* _Task brief_: Output the listing word for word, minus pictures.

* _Dataset excerpt_:
------------------------------------------------

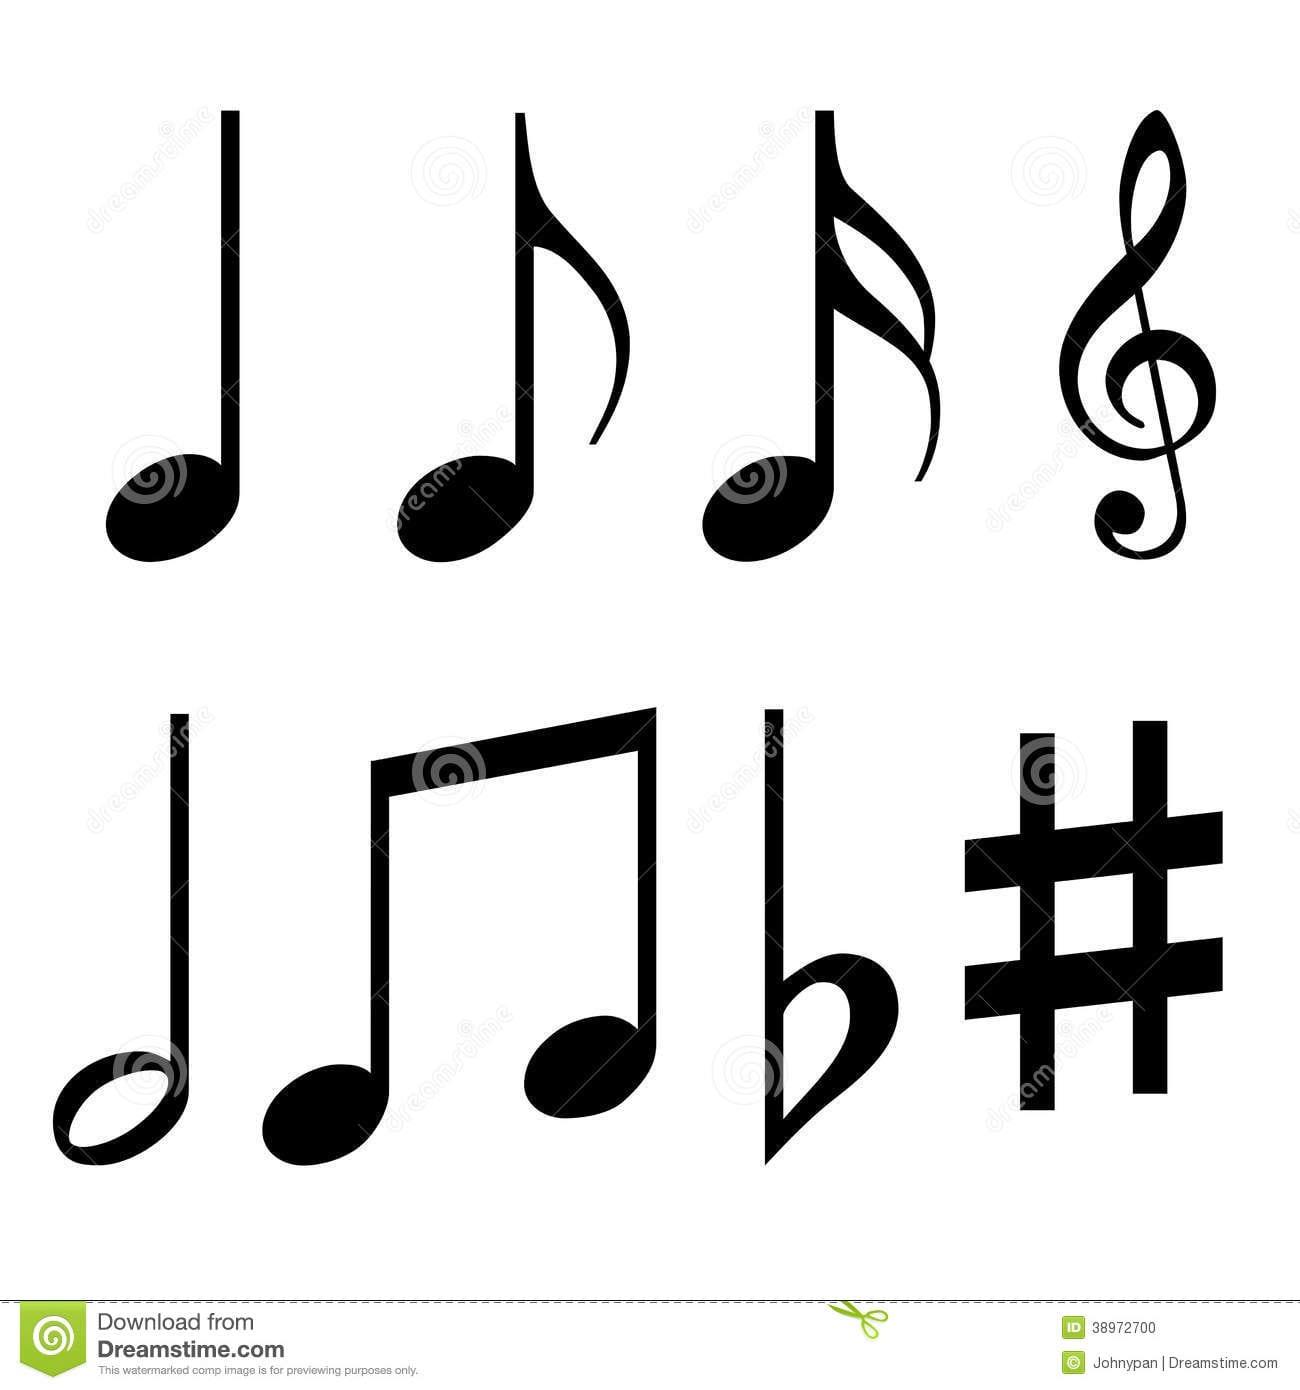 Terrific Printable Musical Notes Symbols Music 25426
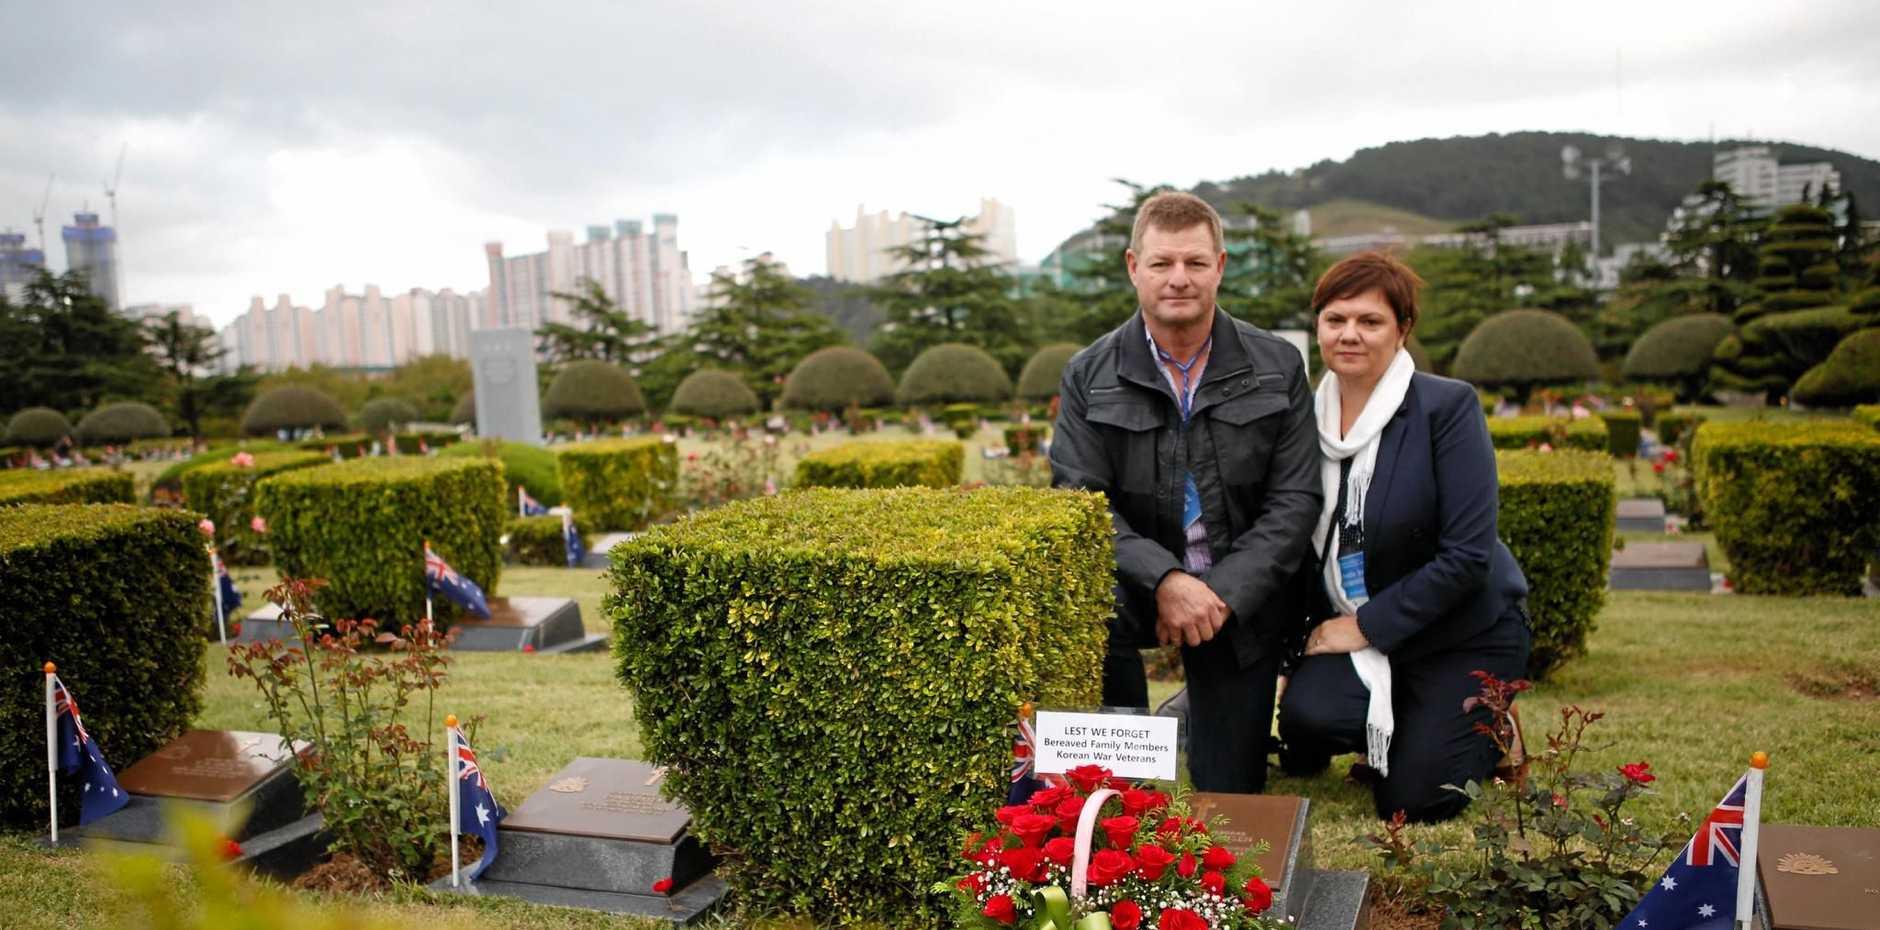 SOMBRE REUNION: Peter and Michelle Siebenhausen visit the grave of Lance-Corporal Norman Siebenhausen in Pusan, South Korea.
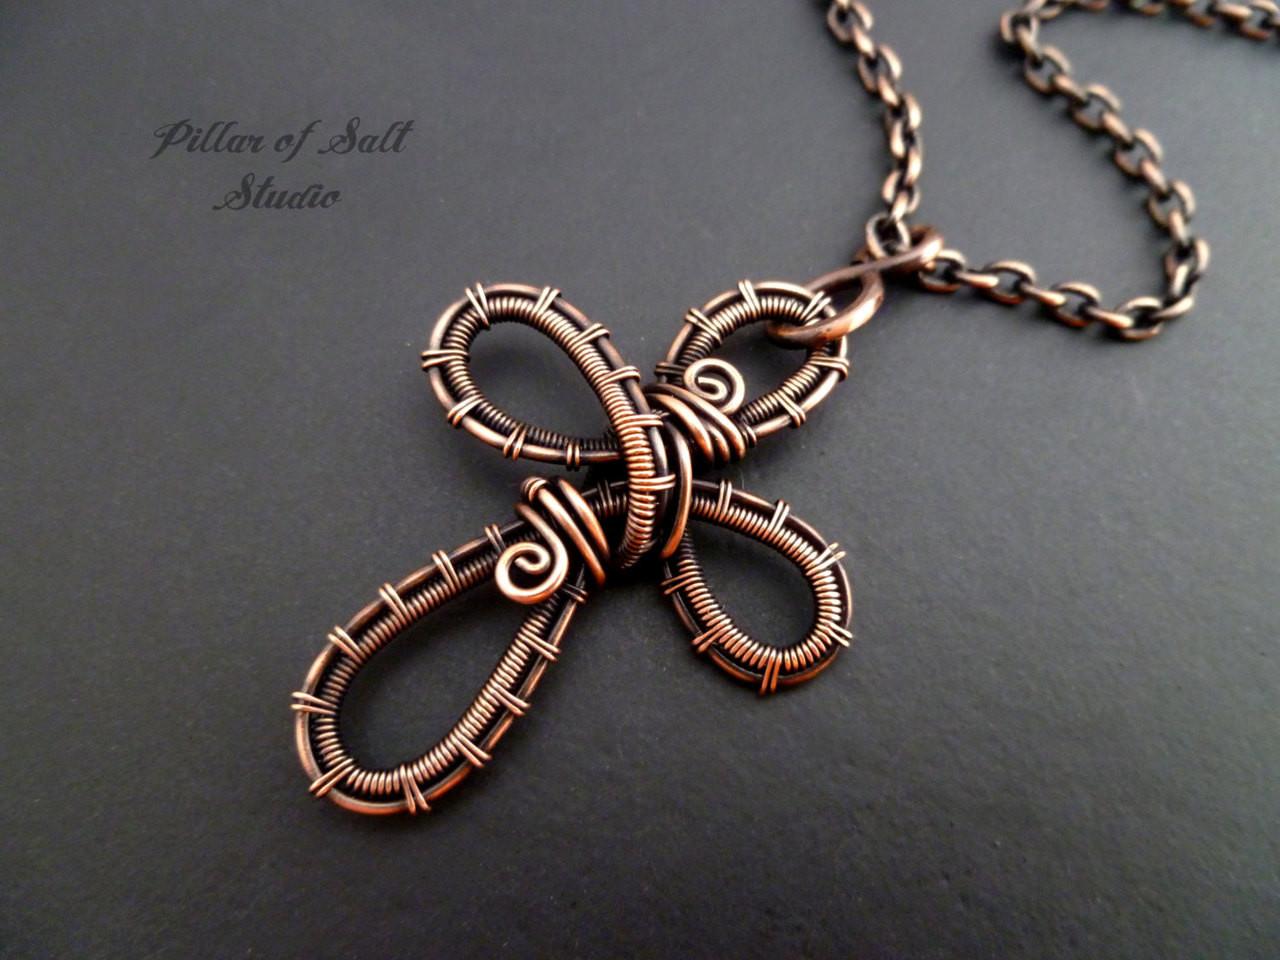 Copper woven wire cross pendant necklace wire wrapped jewelry by woven wire cross pendant necklace copper wire wrapped jewelry by pillar of salt studio aloadofball Choice Image

------------------------------------------------

* _Response_:
 Terrific Printable Musical Notes Symbols Music 25426
 SOMBRE REUNION: Peter and Michelle Siebenhausen visit the grave of Lance-Corporal Norman Siebenhausen in Pusan, South Korea.
 Copper woven wire cross pendant necklace wire wrapped jewelry by woven wire cross pendant necklace copper wire wrapped jewelry by pillar of salt studio aloadofball Choice Image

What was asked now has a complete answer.